System-level identifier for foreign keys in the database.
Login ID to perform credentials verification.
Public ID to display to other users.

Many systems request a username - and use the same username for all three specified tasks. This is probably wrong. A more competent approach is a three-way identification template , in which each identifier is different, and several login identifiers and / or public identifiers can be associated with one system identifier.
')
Many problems and sufferings when trying to build and scale an account system are caused by ignoring this model. An annoyingly large number of hacks are used in systems that do not support such a pattern so that they look and work as if they support it.

So if you are developing a system from scratch now in 2018, I would suggest taking this model and using it as a basis. First you have to work a little, but in the future it will provide good flexibility and save time, and one day someone might even create an acceptable universal implementation for reusable use (of course, I thought of doing this for Django, and maybe I will do it once).
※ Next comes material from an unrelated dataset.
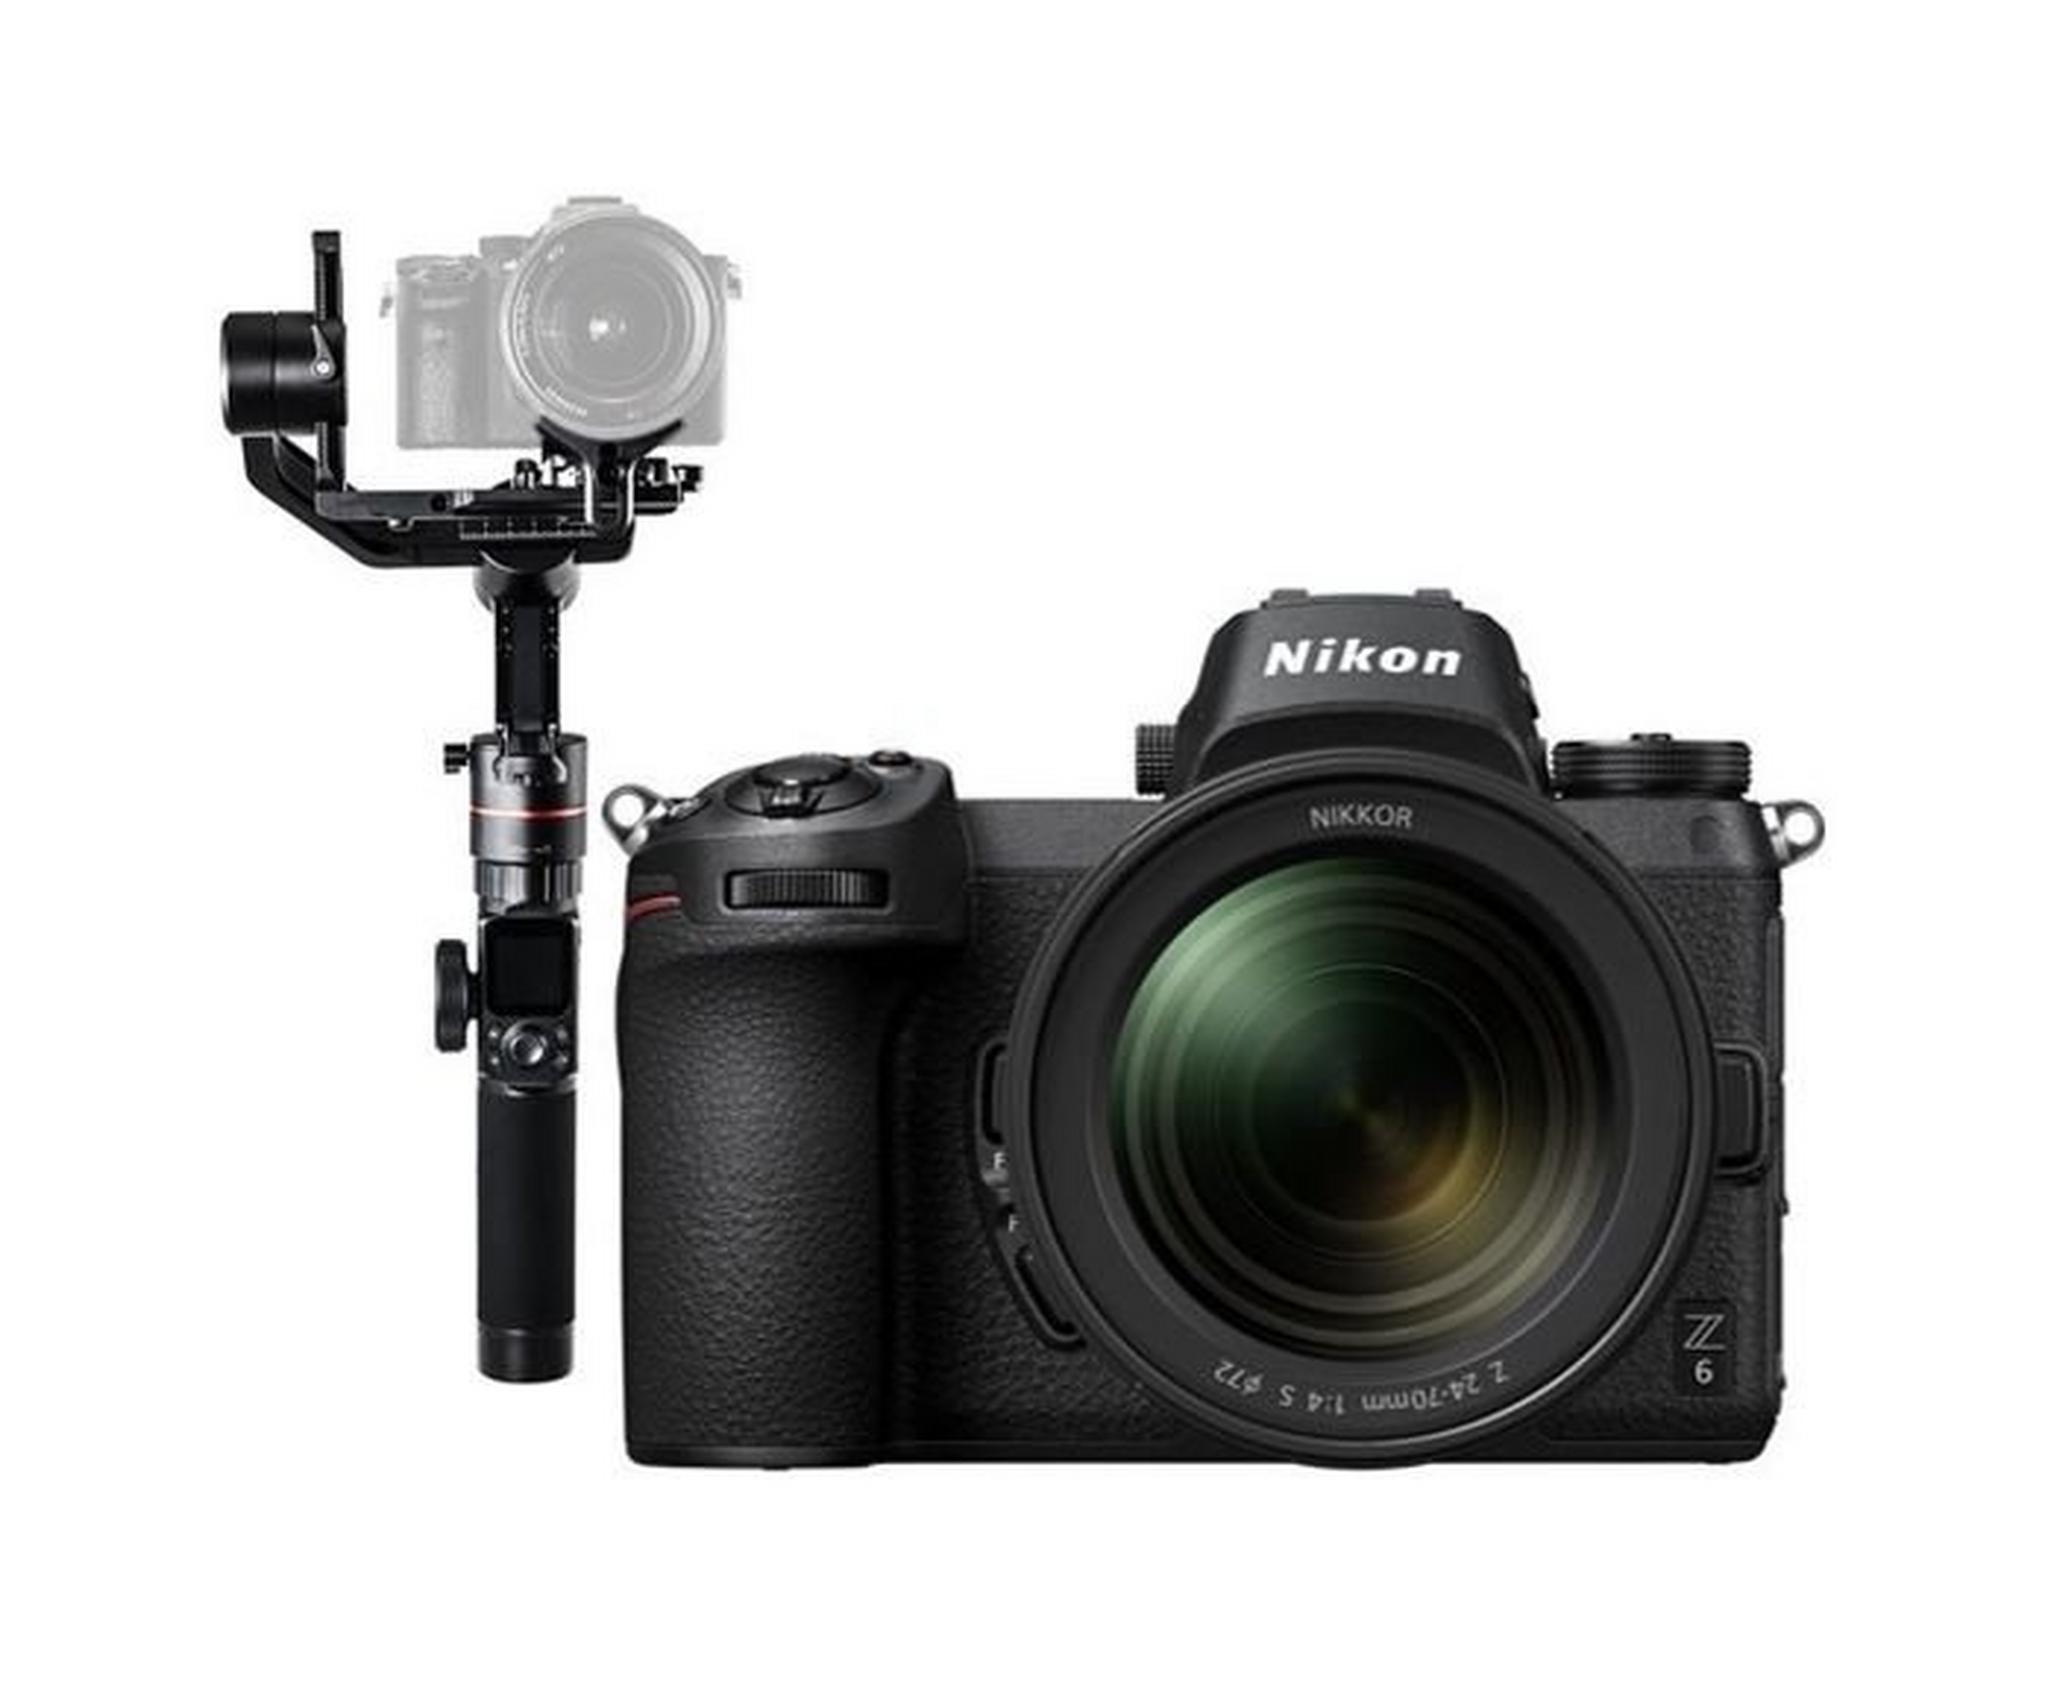 Nikon Z 6 Mirrorless Digital Camera With 24-70mm Lens + FeiyuTech AK2000 Wi-Fi Gimbal Stabilizer

In the rest of this article, we will assume that you use a more common implementation, in which the unique user name serves as at least a system identifier and login to the system, and, most likely, a public identifier, which is shown to all users. And by “username” I mean essentially any string identifier. For example, you may have usernames like forums like Reddit or Hacker News, or you can use email addresses or some other unique string. It doesn't matter, you're probably still using some kind of unique string. So you need to know about some problems.

Uniqueness is harder than it looks.

Perhaps you ask the question: how difficult is it? You can simply create a unique column in the database - and you're done! Create a table with users in Postgres:

CREATE TABLE accounts ( id SERIAL PRIMARY KEY, username TEXT UNIQUE, password TEXT, email_address TEXT );

Here is our table with users and a column with unique names. Easy!

Well, it's easy, until we start thinking about real use. If you are registered as john_doe , what happens if I register as JOHN_DOE ? This is another username, but can I make people think that I am you? Will people accept my friend requests and share confidential information with me because they do not realize that for a computer, a different register is a different character?

This is a simple thing that is incorrectly implemented in many systems. During the research for this article, I discovered that the auth system in Django does not ensure the uniqueness of usernames case-insensitive, despite the correct approach in implementing many other things. In the bug tracker there is a ticket to make the usernames case-insensitive, but now it is marked as WONTFIX, because creating usernames case-insensitively breaks backward compatibility - and no one is sure how to do it or whether it should be done . I’ll probably think about enforcing this in django-registration 3.0, but I’m not sure that this can be implemented even there - problems will start on any website where register-based accounts already exist.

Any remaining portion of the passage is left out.